ENTRIES SHOWN:
*** Block opens ***
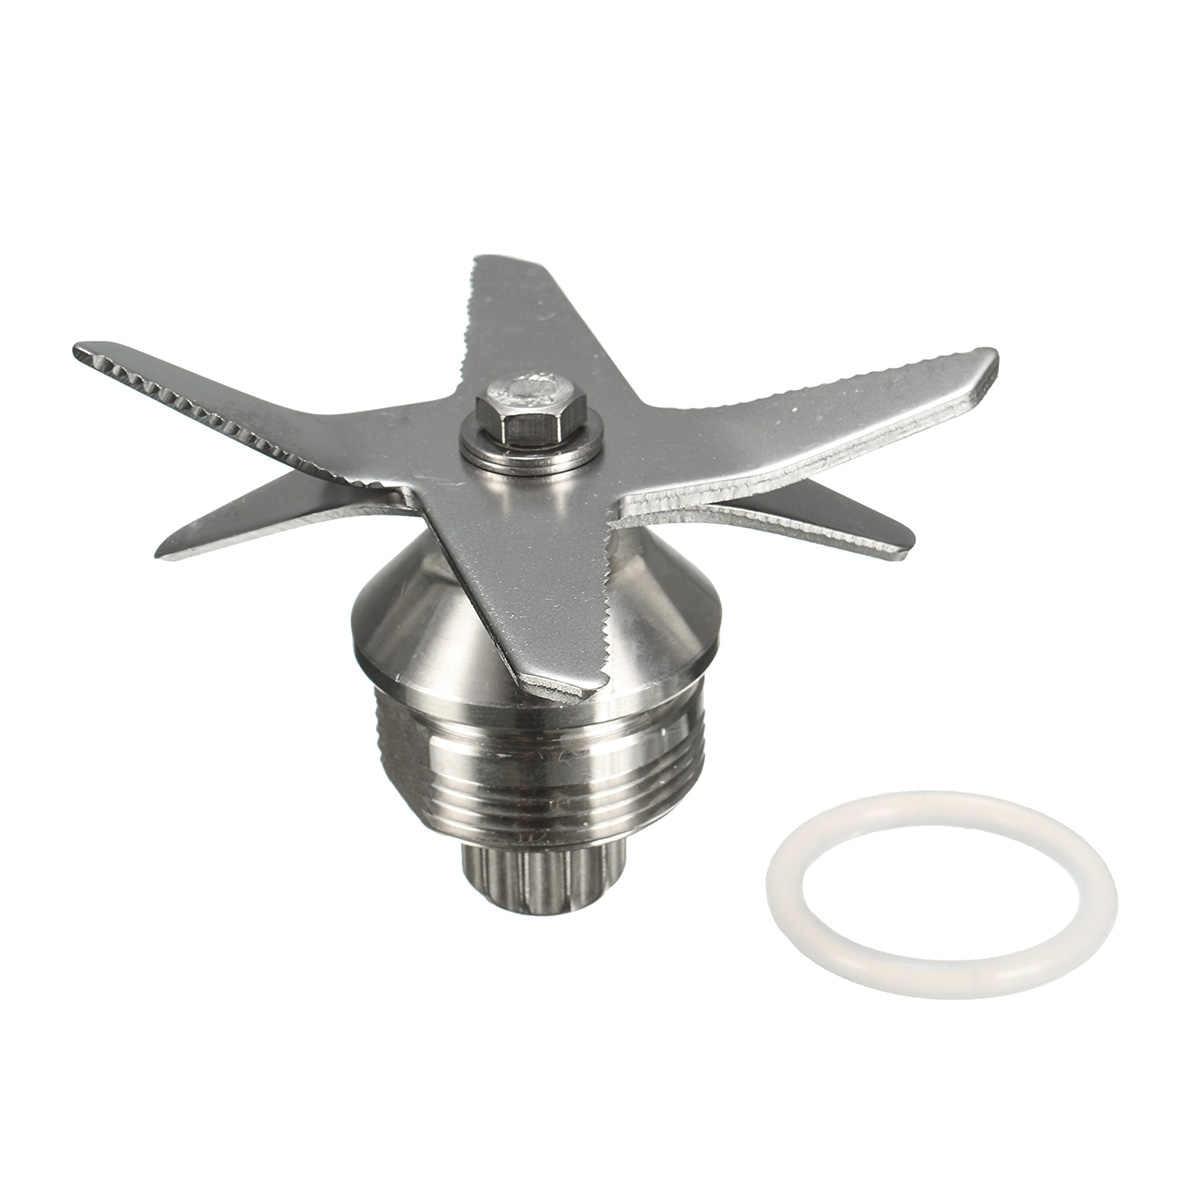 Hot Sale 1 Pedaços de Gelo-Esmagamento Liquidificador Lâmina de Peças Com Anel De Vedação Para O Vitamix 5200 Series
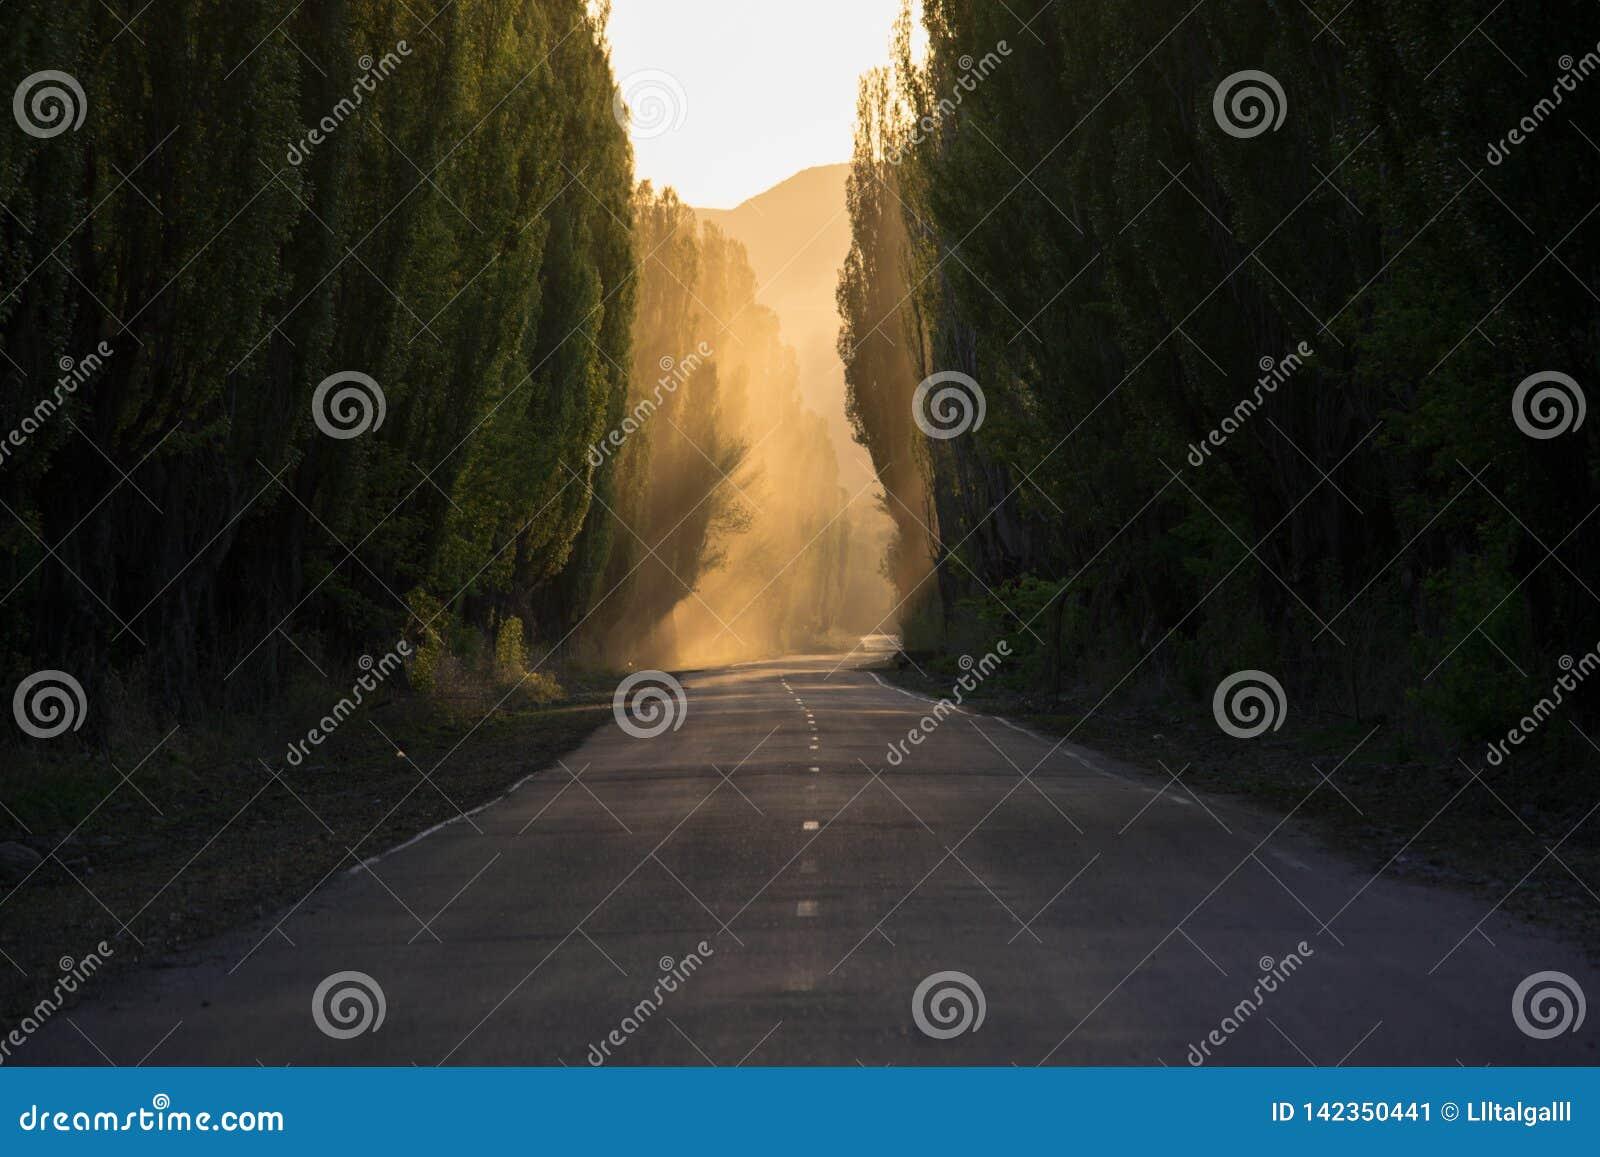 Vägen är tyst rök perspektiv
*** Block closes ***
*** Block opens ***
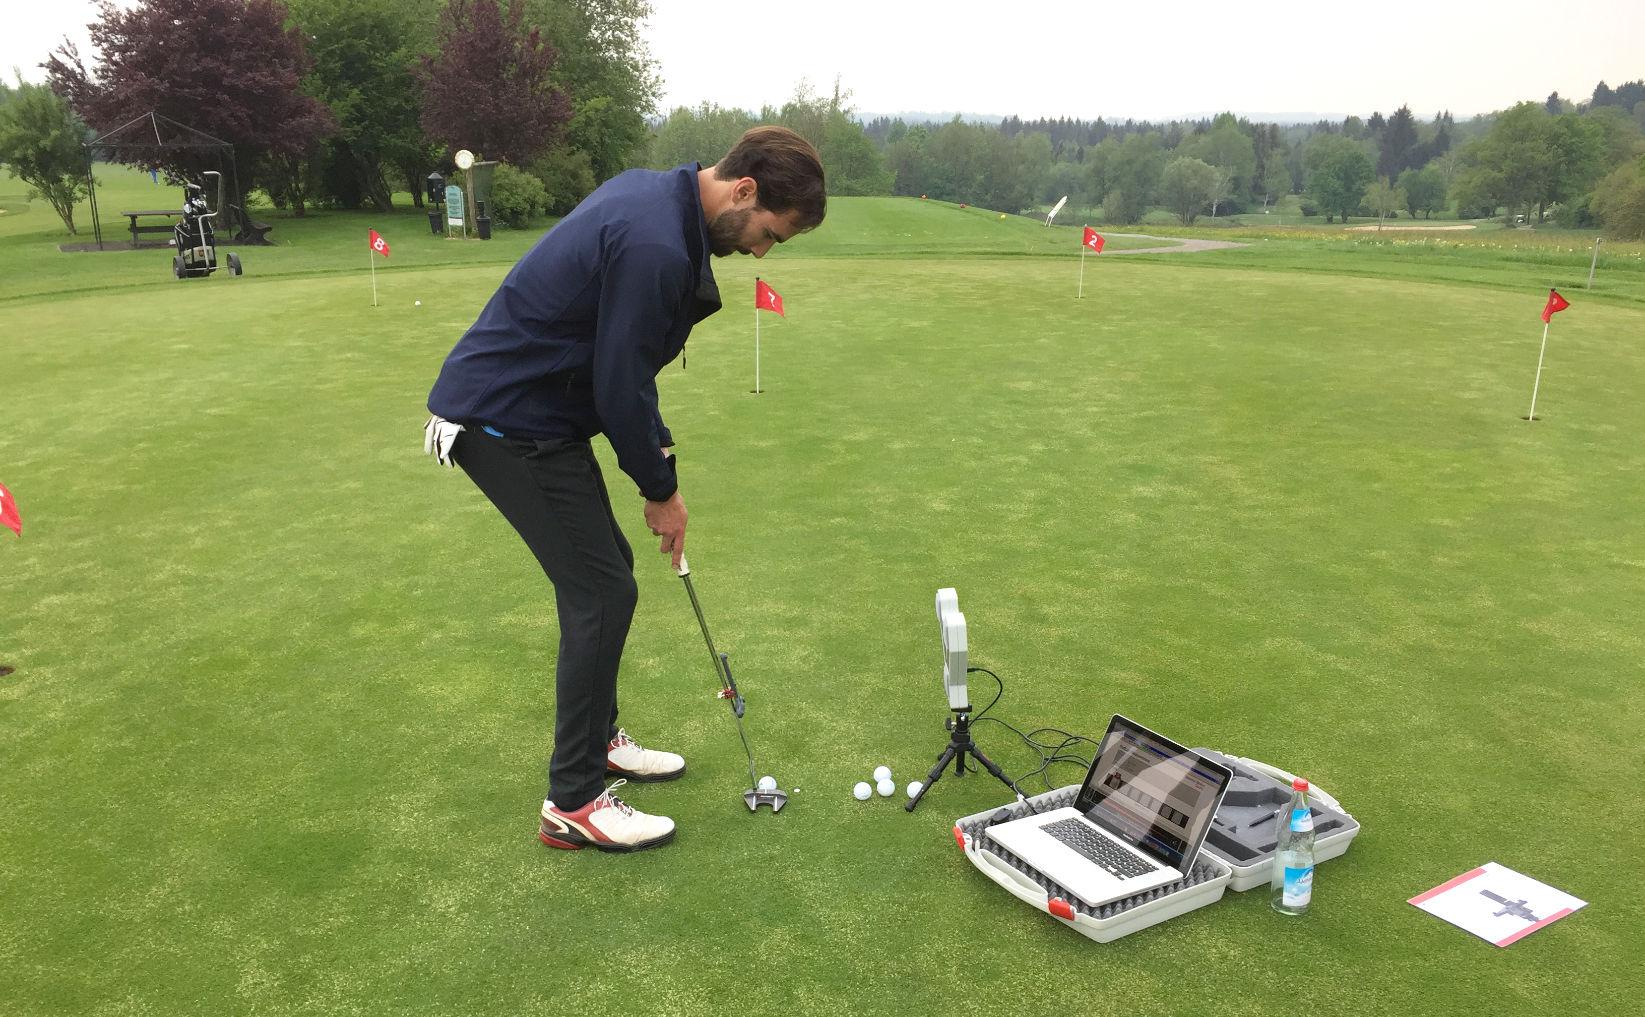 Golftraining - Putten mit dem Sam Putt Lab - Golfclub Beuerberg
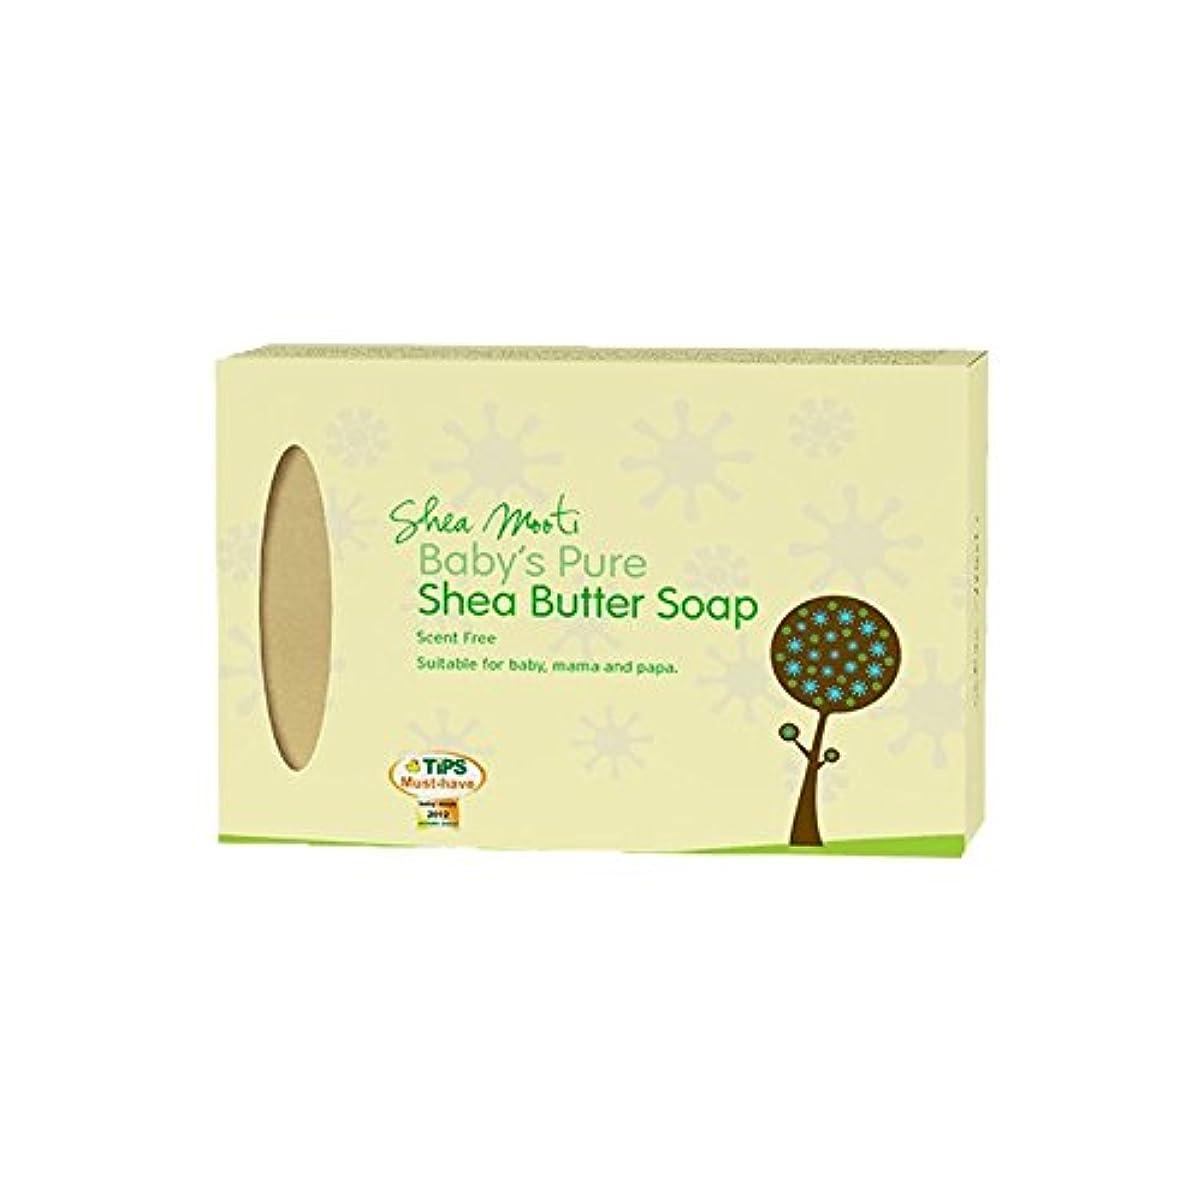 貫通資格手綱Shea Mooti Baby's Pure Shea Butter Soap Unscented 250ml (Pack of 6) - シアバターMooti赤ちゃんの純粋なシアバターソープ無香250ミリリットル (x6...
*** Block closes ***
*** Block opens ***
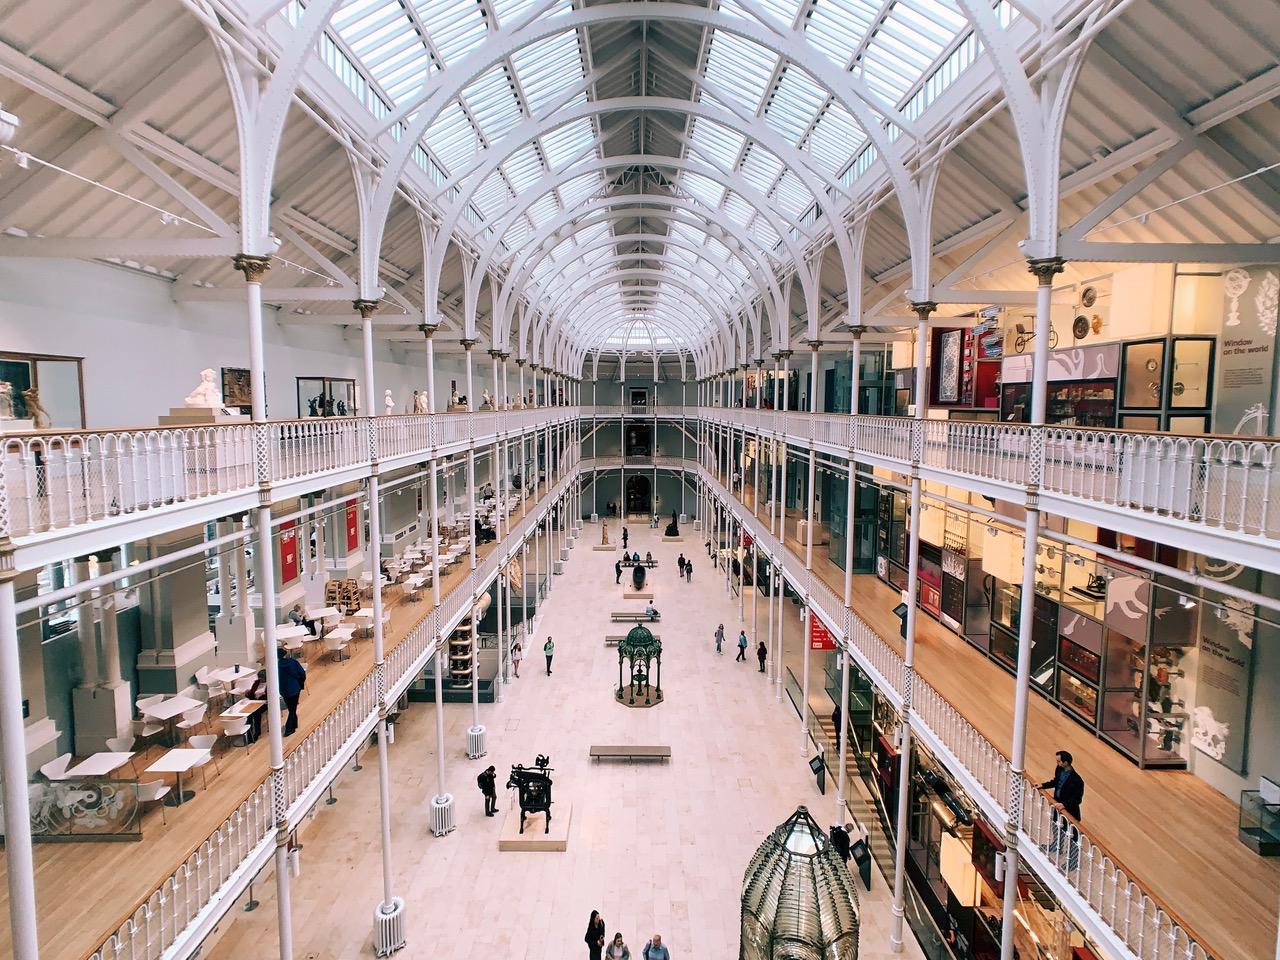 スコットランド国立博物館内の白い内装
*** Block closes ***
EXERCISE AIM:
Although the records above contain pictures, the copy should not; retype exactly the lines from the one containing "Hot Sale 1 Pedaços" through the one containing "Vägen är tyst rök perspektiv".

WRITTEN RESPONSE:
 Hot Sale 1 Pedaços de Gelo-Esmagamento Liquidificador Lâmina de Peças Com Anel De Vedação Para O Vitamix 5200 Series
 Vägen är tyst rök perspektiv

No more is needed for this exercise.